Task objective => An exact copy of all the data is required.
────────
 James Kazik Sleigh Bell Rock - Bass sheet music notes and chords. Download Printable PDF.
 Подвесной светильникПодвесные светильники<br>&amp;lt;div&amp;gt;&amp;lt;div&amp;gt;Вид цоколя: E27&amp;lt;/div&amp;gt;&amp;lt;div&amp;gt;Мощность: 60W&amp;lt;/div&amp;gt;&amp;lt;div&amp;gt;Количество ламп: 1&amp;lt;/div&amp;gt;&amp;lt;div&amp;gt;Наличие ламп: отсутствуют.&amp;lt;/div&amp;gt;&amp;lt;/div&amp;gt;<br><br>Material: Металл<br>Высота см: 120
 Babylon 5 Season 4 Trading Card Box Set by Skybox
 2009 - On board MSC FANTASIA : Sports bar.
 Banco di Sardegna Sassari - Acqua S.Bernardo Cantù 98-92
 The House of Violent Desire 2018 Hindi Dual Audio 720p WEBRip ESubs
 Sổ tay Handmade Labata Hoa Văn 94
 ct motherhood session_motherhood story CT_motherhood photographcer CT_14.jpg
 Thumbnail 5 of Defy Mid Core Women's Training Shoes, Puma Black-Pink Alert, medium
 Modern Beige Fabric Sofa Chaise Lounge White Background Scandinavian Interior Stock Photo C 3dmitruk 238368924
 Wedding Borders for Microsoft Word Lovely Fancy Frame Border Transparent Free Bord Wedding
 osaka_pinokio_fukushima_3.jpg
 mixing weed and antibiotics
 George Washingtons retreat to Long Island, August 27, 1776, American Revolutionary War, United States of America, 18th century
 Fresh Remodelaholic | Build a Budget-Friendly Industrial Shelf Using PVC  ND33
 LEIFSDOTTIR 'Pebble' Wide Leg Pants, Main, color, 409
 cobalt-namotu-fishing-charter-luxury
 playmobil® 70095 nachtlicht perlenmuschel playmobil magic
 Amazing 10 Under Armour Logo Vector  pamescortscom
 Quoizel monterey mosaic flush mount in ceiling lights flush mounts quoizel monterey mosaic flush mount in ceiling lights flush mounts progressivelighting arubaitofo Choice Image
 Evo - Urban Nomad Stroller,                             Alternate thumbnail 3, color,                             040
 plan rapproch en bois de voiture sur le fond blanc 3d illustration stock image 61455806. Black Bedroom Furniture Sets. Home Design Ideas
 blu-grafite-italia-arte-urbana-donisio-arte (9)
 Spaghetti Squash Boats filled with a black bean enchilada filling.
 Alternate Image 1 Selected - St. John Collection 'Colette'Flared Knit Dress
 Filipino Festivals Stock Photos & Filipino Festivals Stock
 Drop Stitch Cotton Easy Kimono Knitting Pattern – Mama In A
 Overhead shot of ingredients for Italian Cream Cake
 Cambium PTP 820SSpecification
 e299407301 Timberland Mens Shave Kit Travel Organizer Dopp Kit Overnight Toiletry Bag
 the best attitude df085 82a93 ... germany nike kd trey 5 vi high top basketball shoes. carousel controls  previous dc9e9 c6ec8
────────
Output of the exercise =>
 James Kazik Sleigh Bell Rock - Bass sheet music notes and chords. Download Printable PDF.
 Подвесной светильникПодвесные светильники<br>&amp;lt;div&amp;gt;&amp;lt;div&amp;gt;Вид цоколя: E27&amp;lt;/div&amp;gt;&amp;lt;div&amp;gt;Мощность: 60W&amp;lt;/div&amp;gt;&amp;lt;div&amp;gt;Количество ламп: 1&amp;lt;/div&amp;gt;&amp;lt;div&amp;gt;Наличие ламп: отсутствуют.&amp;lt;/div&amp;gt;&amp;lt;/div&amp;gt;<br><br>Material: Металл<br>Высота см: 120
 Babylon 5 Season 4 Trading Card Box Set by Skybox
 2009 - On board MSC FANTASIA : Sports bar.
 Banco di Sardegna Sassari - Acqua S.Bernardo Cantù 98-92
 The House of Violent Desire 2018 Hindi Dual Audio 720p WEBRip ESubs
 Sổ tay Handmade Labata Hoa Văn 94
 ct motherhood session_motherhood story CT_motherhood photographcer CT_14.jpg
 Thumbnail 5 of Defy Mid Core Women's Training Shoes, Puma Black-Pink Alert, medium
 Modern Beige Fabric Sofa Chaise Lounge White Background Scandinavian Interior Stock Photo C 3dmitruk 238368924
 Wedding Borders for Microsoft Word Lovely Fancy Frame Border Transparent Free Bord Wedding
 osaka_pinokio_fukushima_3.jpg
 mixing weed and antibiotics
 George Washingtons retreat to Long Island, August 27, 1776, American Revolutionary War, United States of America, 18th century
 Fresh Remodelaholic | Build a Budget-Friendly Industrial Shelf Using PVC  ND33
 LEIFSDOTTIR 'Pebble' Wide Leg Pants, Main, color, 409
 cobalt-namotu-fishing-charter-luxury
 playmobil® 70095 nachtlicht perlenmuschel playmobil magic
 Amazing 10 Under Armour Logo Vector  pamescortscom
 Quoizel monterey mosaic flush mount in ceiling lights flush mounts quoizel monterey mosaic flush mount in ceiling lights flush mounts progressivelighting arubaitofo Choice Image
 Evo - Urban Nomad Stroller,                             Alternate thumbnail 3, color,                             040
 plan rapproch en bois de voiture sur le fond blanc 3d illustration stock image 61455806. Black Bedroom Furniture Sets. Home Design Ideas
 blu-grafite-italia-arte-urbana-donisio-arte (9)
 Spaghetti Squash Boats filled with a black bean enchilada filling.
 Alternate Image 1 Selected - St. John Collection 'Colette'Flared Knit Dress
 Filipino Festivals Stock Photos & Filipino Festivals Stock
 Drop Stitch Cotton Easy Kimono Knitting Pattern – Mama In A
 Overhead shot of ingredients for Italian Cream Cake
 Cambium PTP 820SSpecification
 e299407301 Timberland Mens Shave Kit Travel Organizer Dopp Kit Overnight Toiletry Bag
 the best attitude df085 82a93 ... germany nike kd trey 5 vi high top basketball shoes. carousel controls  previous dc9e9 c6ec8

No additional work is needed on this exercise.